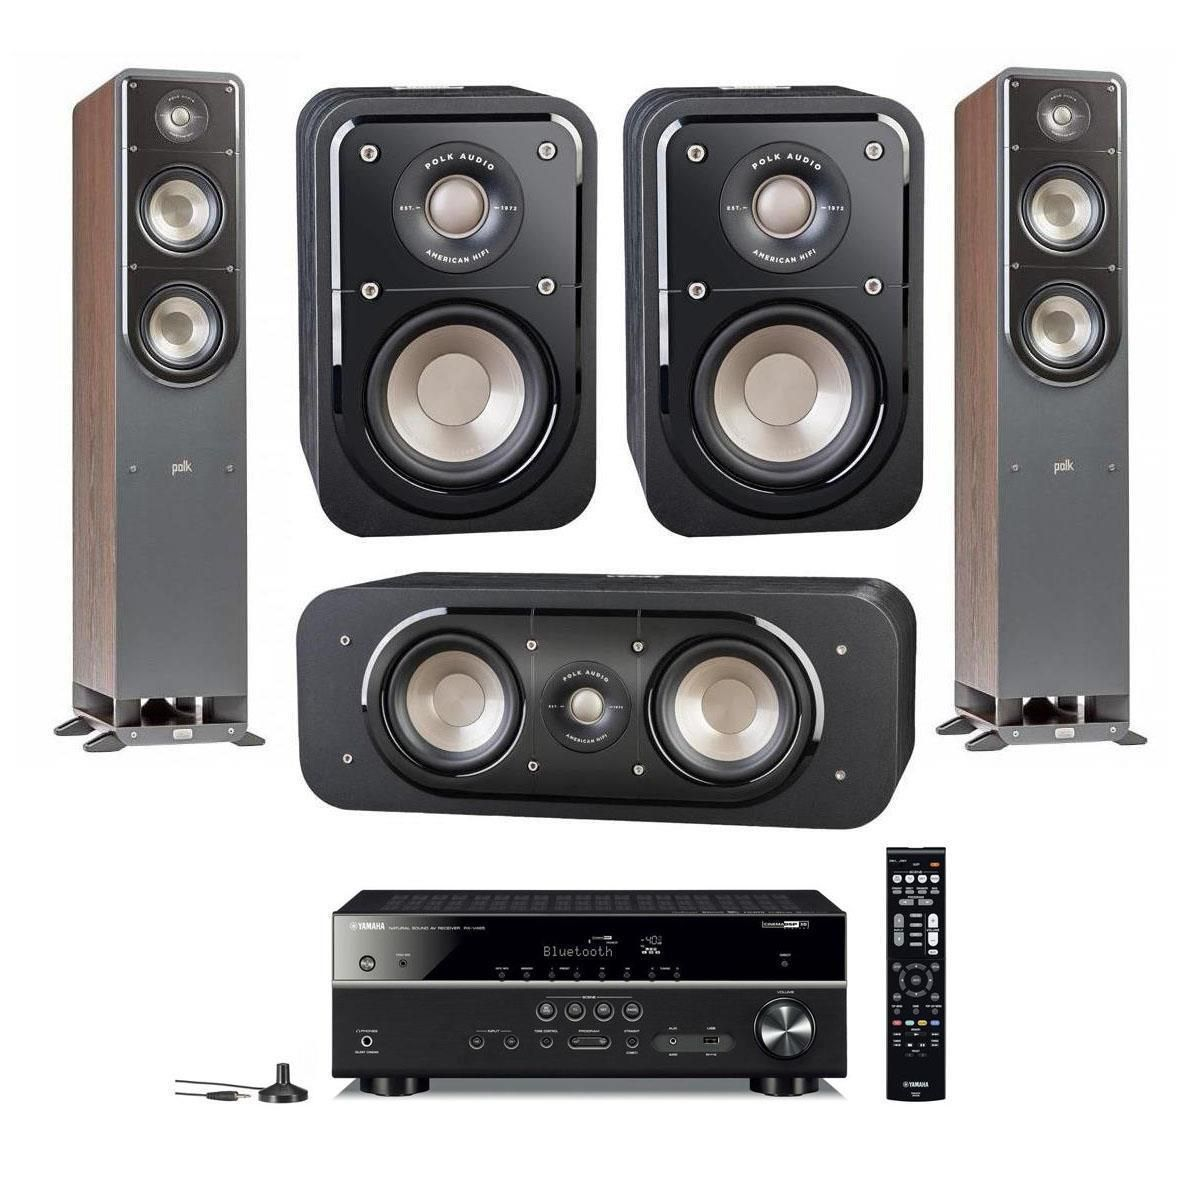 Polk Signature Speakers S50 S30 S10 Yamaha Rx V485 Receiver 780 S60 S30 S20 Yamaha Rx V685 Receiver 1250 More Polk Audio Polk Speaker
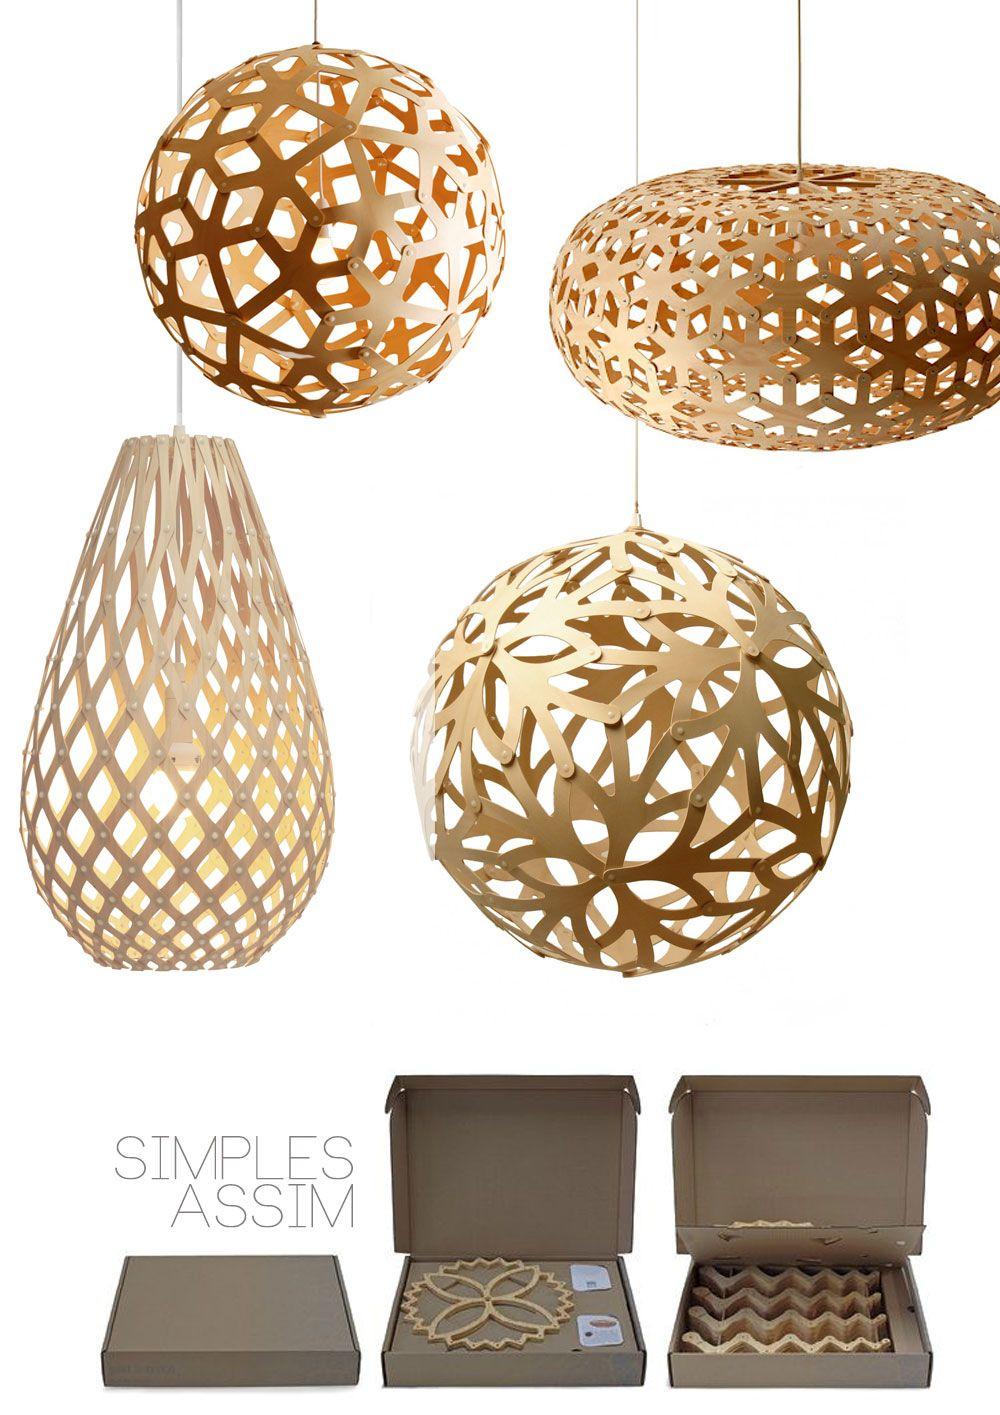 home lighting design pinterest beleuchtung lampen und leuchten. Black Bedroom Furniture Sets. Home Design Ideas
-----
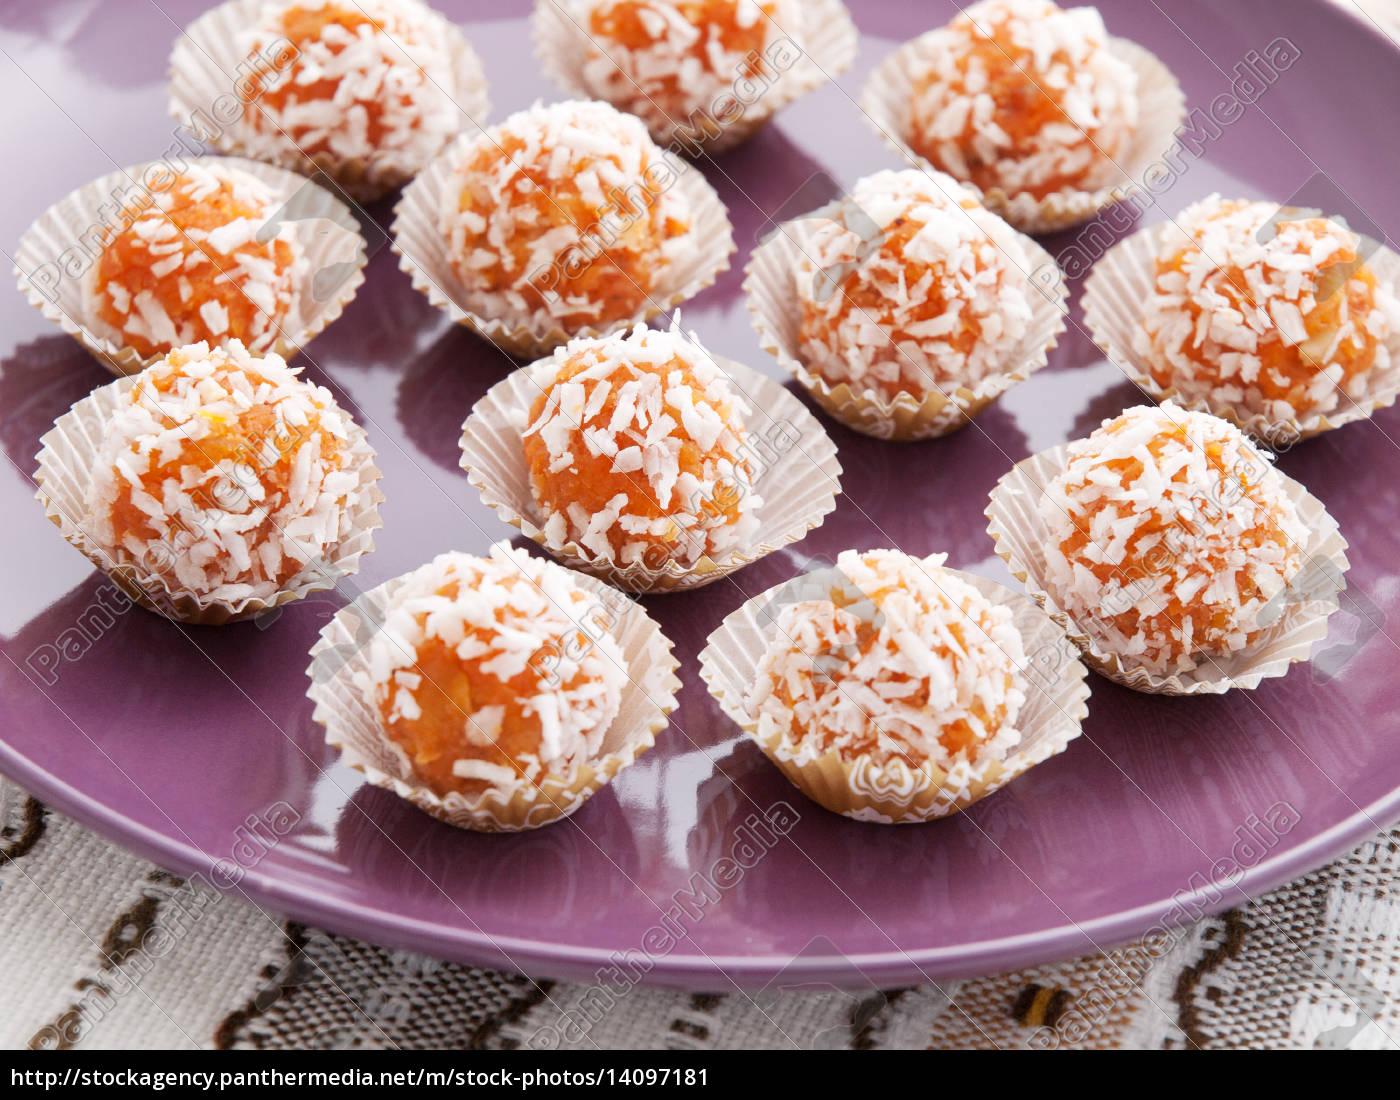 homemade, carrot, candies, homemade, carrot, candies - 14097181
-----
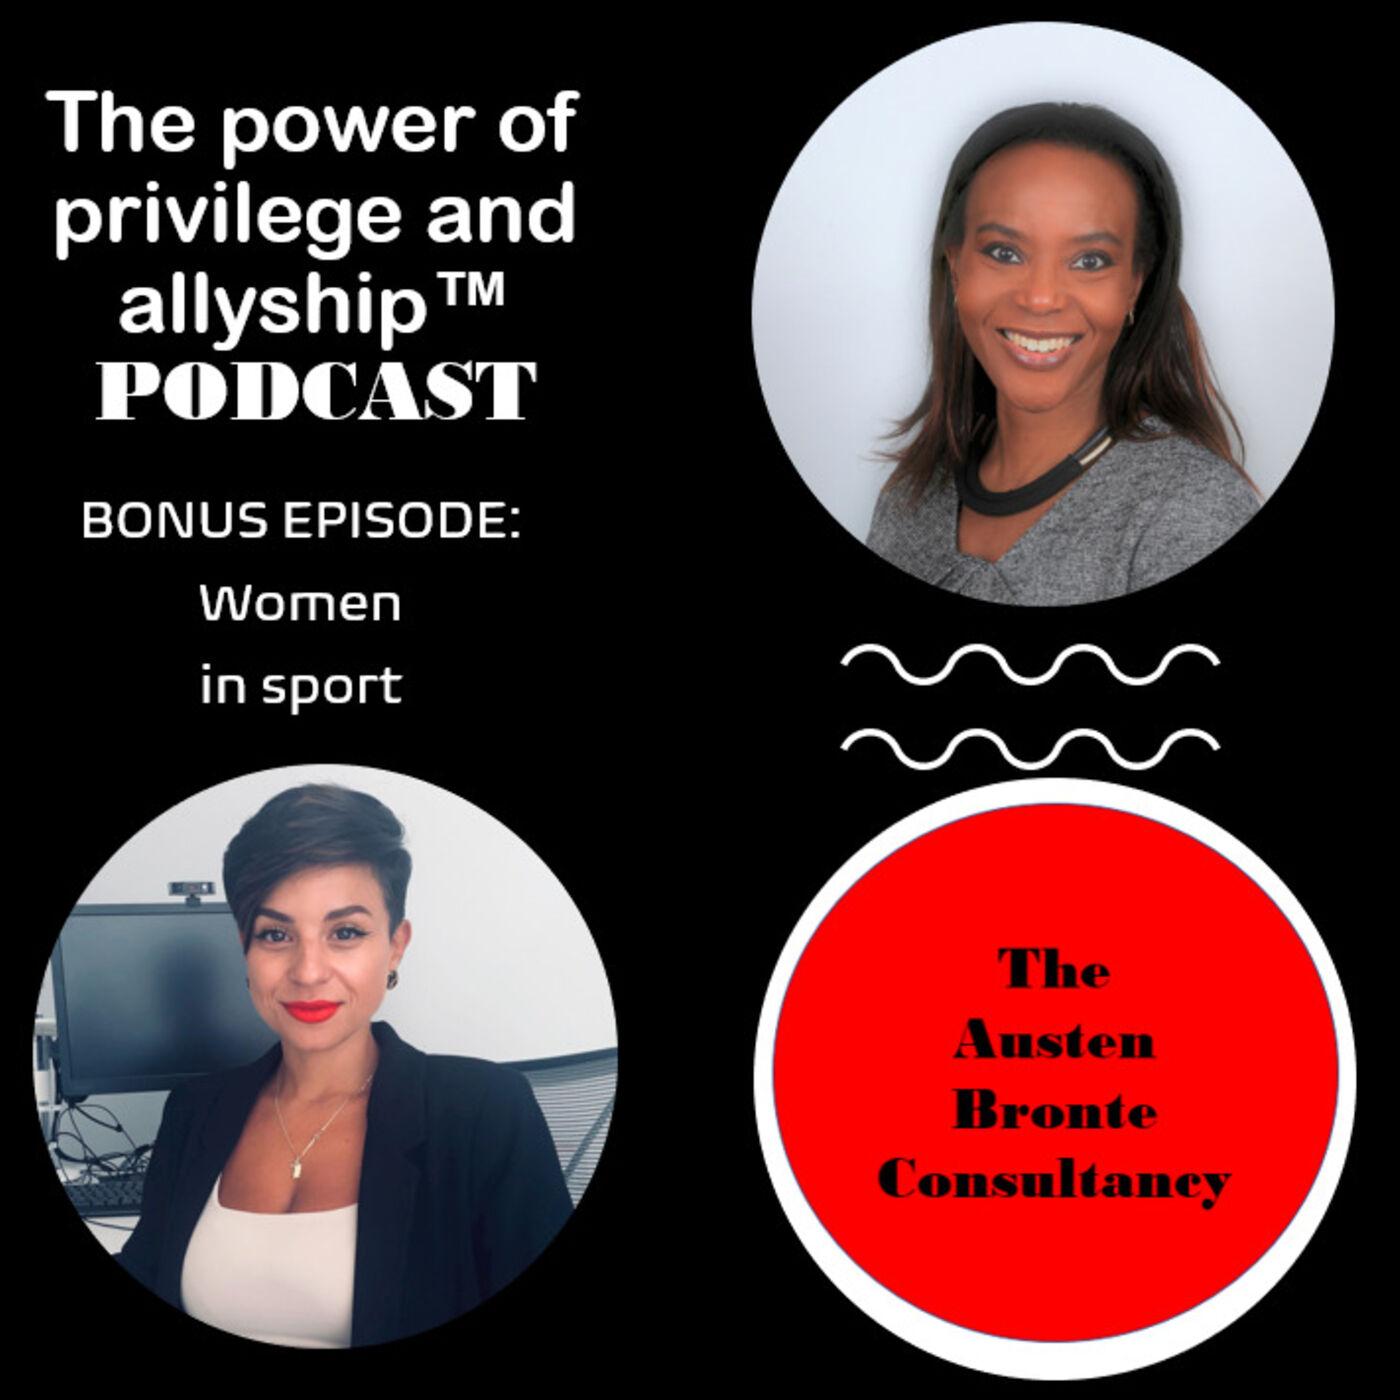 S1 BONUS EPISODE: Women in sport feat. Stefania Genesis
-----
The answer is the lines of the material above, from the one containing "Polk Signature Speakers" down to the one containing "home lighting design", given exactly and without images.

 Polk Signature Speakers S50 S30 S10 Yamaha Rx V485 Receiver 780 S60 S30 S20 Yamaha Rx V685 Receiver 1250 More Polk Audio Polk Speaker
 home lighting design pinterest beleuchtung lampen und leuchten. Black Bedroom Furniture Sets. Home Design Ideas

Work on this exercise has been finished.